En una tertulia tangencial en la que participo en Radio Nacional se planteó hace unas semanas lo poco que sonreímos por la calle. O en el transporte público. Cierto que cada vez más la gente está mirando su pantalla, y responde a lo que está viendo en el móvil. A su aire, quiero decir, sin tener en cuenta de que está en un entorno con más gente. Pero normalmente la gente va con una expresión entre agria y neutra, pocas veces se ven sonrisas, tanto que a mí, que intento poner una cara amable y alegre cuando estoy en público porque necesito pensar que el mundo no es tan mierda como para además poner cara vinagre, a veces se me queda un poco colgada la sonrisa, casi rictus entonces, al ver lo que me devuelven los pasajeros de la villavesa. Cada mañana coincido, eso sí, con alguna mujer llevando a sus críos al cole, y no digo mujer como genérico, sino específicamente, y siempre hay miradas cariñosas y risueñas. A uno le redime un poco de esas miradas graves que recorren el interior del vehículo como las luces de una penitenciaría que intentan encontrar si alguien pretende escaparse de allí.

Lo cierto es que no tenemos tantas expresiones reconocibles, y con el auge de las inteligencias artificiales se está viendo que tampoco sabemos cómo enseñar a las máquinas a reconocerlas.
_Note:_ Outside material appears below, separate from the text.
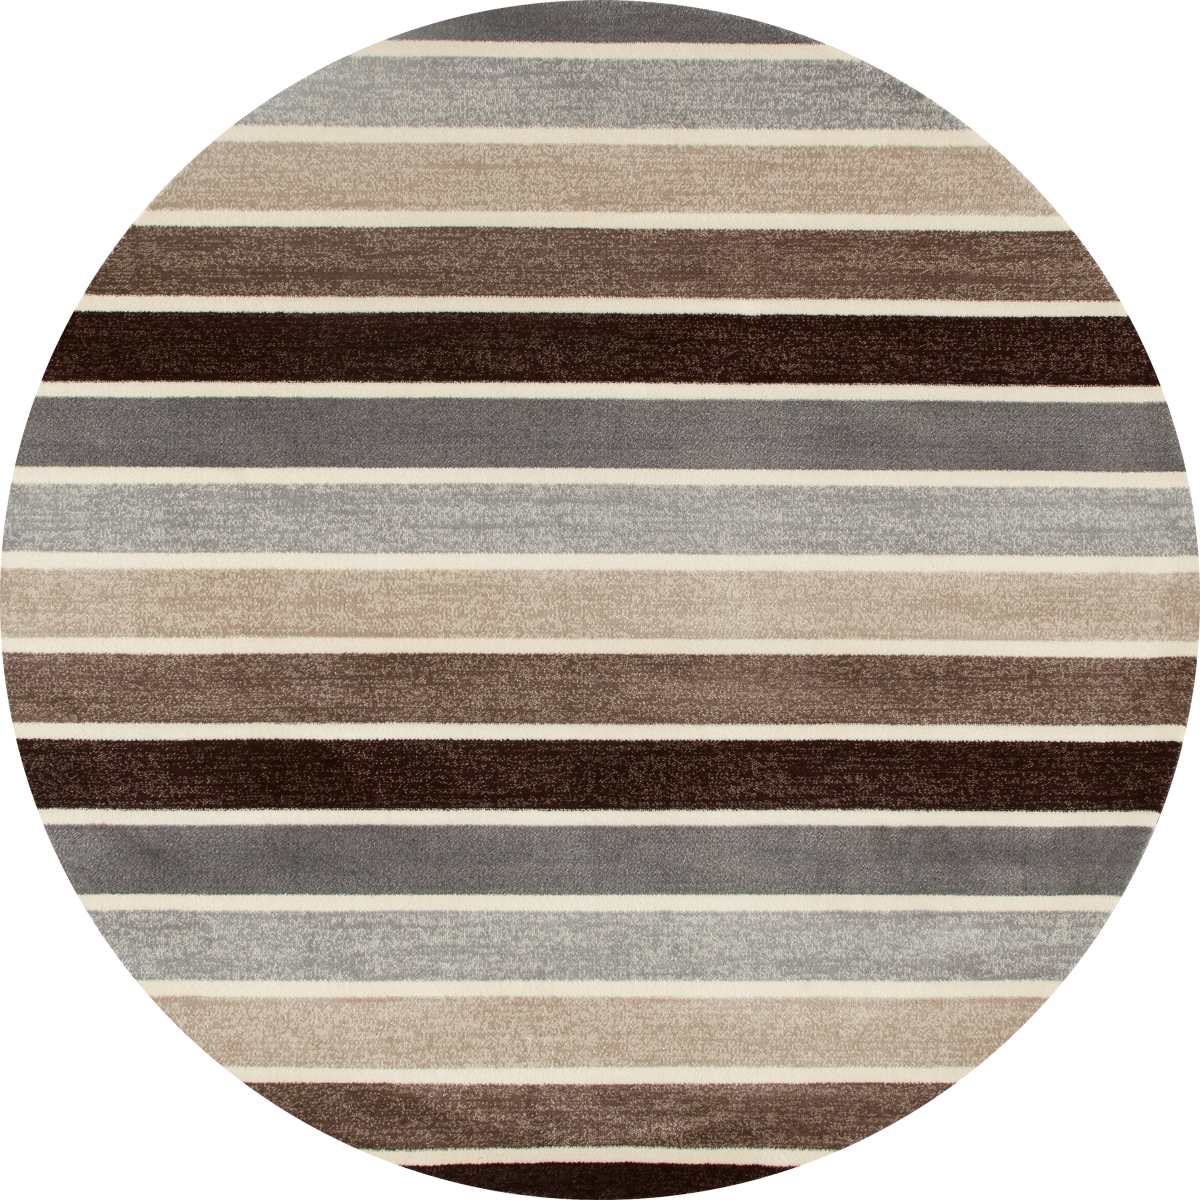 25726 8 Ft. Troy Collection Mainline Woven Round Area Rug, Brown

Hace decenios la psicología intentó reproducir las emociones a partir del análisis de características faciales, y esas marcas servían para clasificar los algoritmos de reconocimiento. Lo que pasa es que incorporan sesgos y errores que a veces vuelven a esos sistemas ineficientes. Es decir, que el asunto de las expresiones faciales es intrínsecamente más complejo de lo que pensábamos. A pesar de eso, cuando alguien sonríe en público, indudablemente crea un espacio más amable. Lo notamos inmediatamente. Deberíamos hacerlo más.